Arriving as a child immigrant during the Depression years, Shirley’s father Yuen Yee later became a leader for the Chinese community of Pittsburgh and the unofficial Mayor of Chinatown. He served the community through the mid-1980s by supporting the newcomers with bilingual translation, immigration matters, caregiving for elders, business advising, and public outreach with the local media. Shirley has archived artifacts of her father’s life and compiled his handwritten memoirs that tell the triumphs and tribulations of early Chinese settlers in a once-vibrant urban Pittsburgh neighborhood. Shirley teaches Visual Interaction Design at CMU.

About the Films

The Last Mayor of Chinatown

The Last Mayor of Chinatown tells the story of Yuen Yee, who served as the last honorary mayor of Pittsburgh’s Chinatown and collected one of the largest known archive of local Chinese history.
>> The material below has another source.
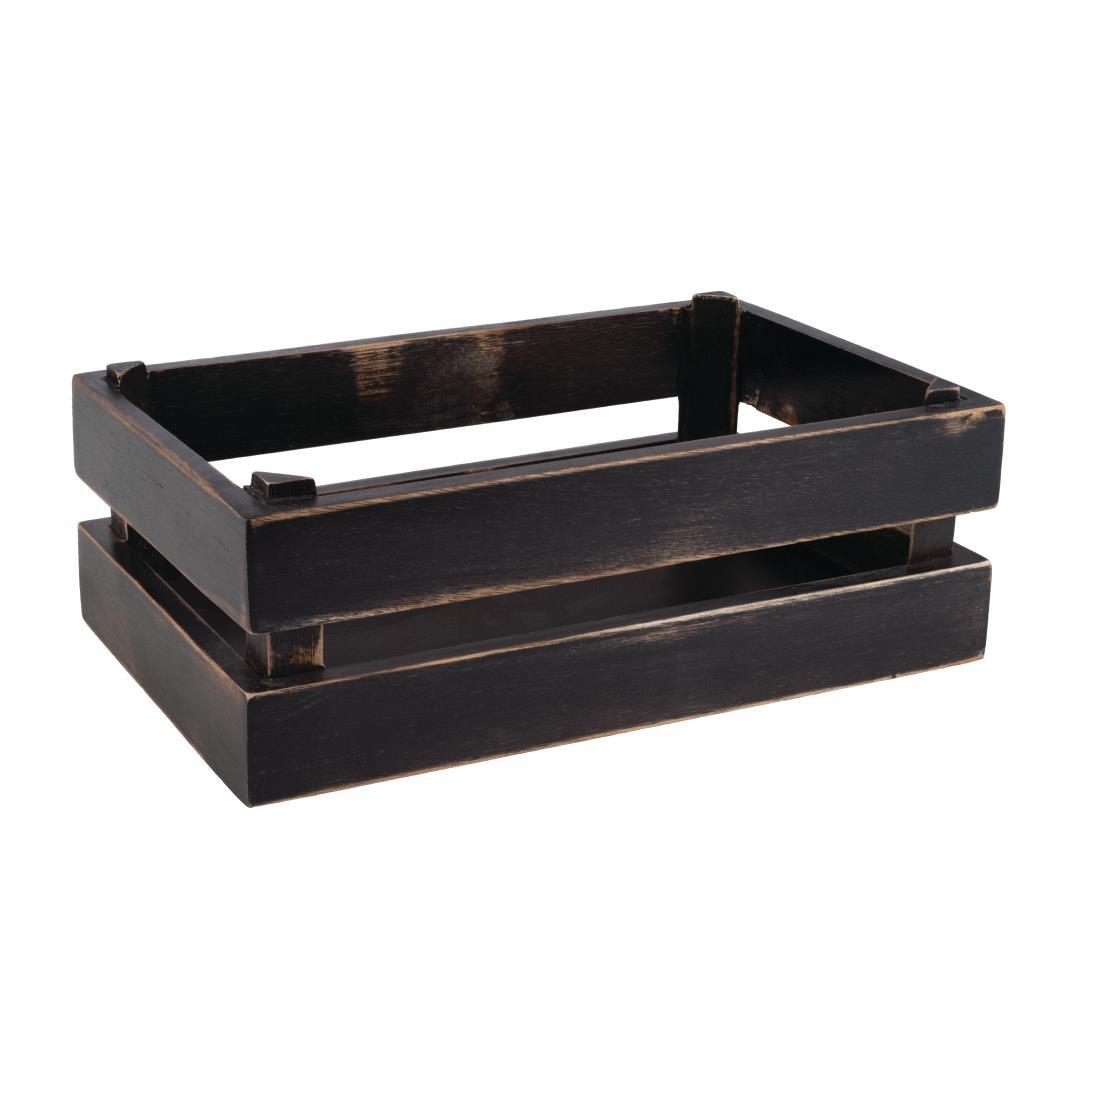 APS Superbox Wooden Buffet Crate Black Vintage 1/4 GN - FE980  - 1

Told through images, documents, and artifacts, the film interweaves excerpts from Yee’s memoir with his daughter Shirley’s contemporary commentary to show his instrumental role in supporting newly arrived immigrants and establishing mutual aid initiatives. Through the Yee family’s story, we learn about the rise, decline, and rediscovery of Pittsburgh’s Chinatown.

Pittsburgh’s Lost Chinatown

In the documentary, Pittsburgh’s Lost Chinatown, Lydia Y. Ott tells the story of her grandmother, Lydia L. Ott, who grew up in Pittsburgh’s Chinatown on Third Avenue in the 1930s. She hopes to continue to pass down the story of Pittsburgh’s Chinatown for generations to come.

For more information or to request additional accommodations, please contact Sierra Green at sgreen@heinzhistorycenter.org.

Image caption: From front center (counter-clockwise): William Yot Jr., three unidentified men, Chew Soo Lim Yee (owner of Chinatown Inn restaurant), Harry Chew, Tong Yee, Jon Yee, Toy Yee, William Yot (first mayor of Chinatown), and Genevieve Yot at Chinatown Inn in 1949. Additional members of Yee and Lee families in background. Courtesy of Shirley Yee, from the collection of Yuen Yee, the last mayor of Chinatown and an avid amateur photographer.